At this point speed was reduced to eight knots and the “Prince” moved along more moderately.

“What is it ahead?” asked Dave Darrin, who had just turned out and come briskly up to the bridge.

“It’s a one-sided fight,” Dan answered, “but I don’t know the kind of craft. Undoubtedly one is a submarine. She can’t have been very seriously hit, either, or the firing would be ended.”

“You have a searchlight?”

“Yes, but with the strictest orders not to use it except to save ship and crew,” was Dan’s answer.

Soon after, despite the darkness, the chums were able to make out a steamship ahead, heeled well over to port. And the flashes of a gun were so close to the water as to indicate that a submarine was firing, even before its outlines could be made out.

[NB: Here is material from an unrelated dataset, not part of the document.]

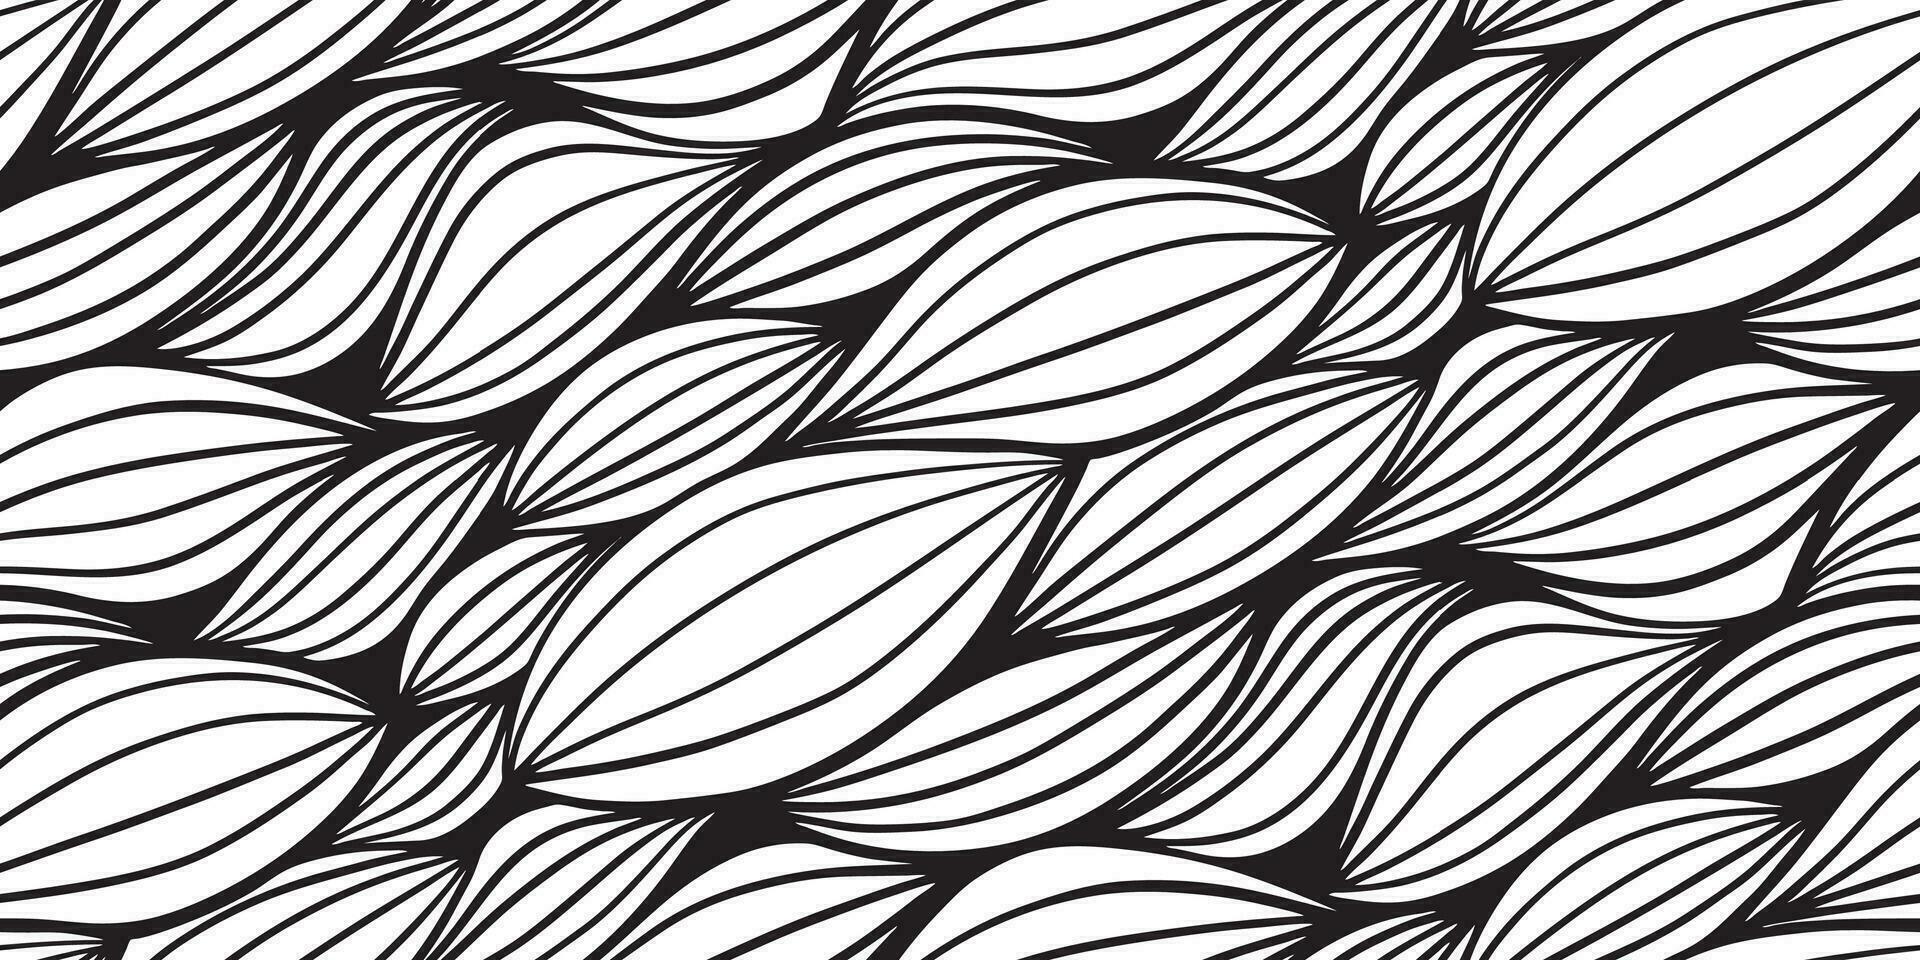 zwart en wit golven naadloos patroon voor kleding stof textiel ontwerp, hoofdkussen of inpakken. vector illustratie
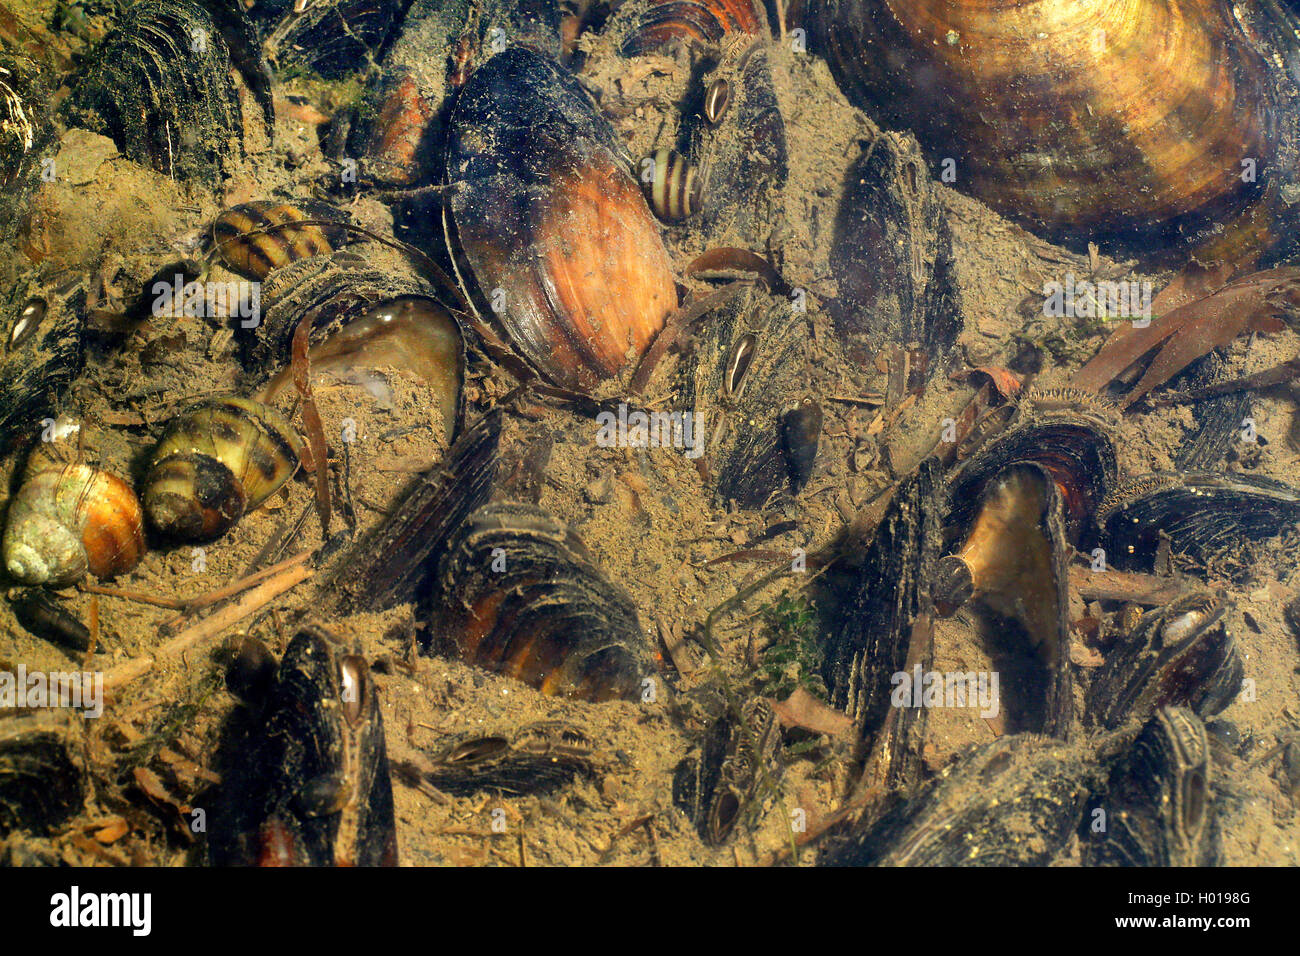 bivalves, mussels (Bivalvia), different mussels in Danube delta, Romania, Danube Delta Stock Photo

“The cowardly hounds!” blazed Dave, indignantly. “They’ve got that ship sinking, and all they’re doing is terrorizing the poor wretches aboard by slow, systematic murder!”

“I’ll get them as soon as I have light enough for a gunner’s sight,” muttered Dan Dalzell. Calling a boatswain’s mate under the bridge, he directed him to hoist a Norwegian flag at the stern, and to bend and hoist the signal:

“We wish to save crew and passengers.”

“And that’s the truth, too, though perhaps not all of it,” snorted Dalzell, all of whose fighting blood had been aroused by the cowardly proceeding going on ahead.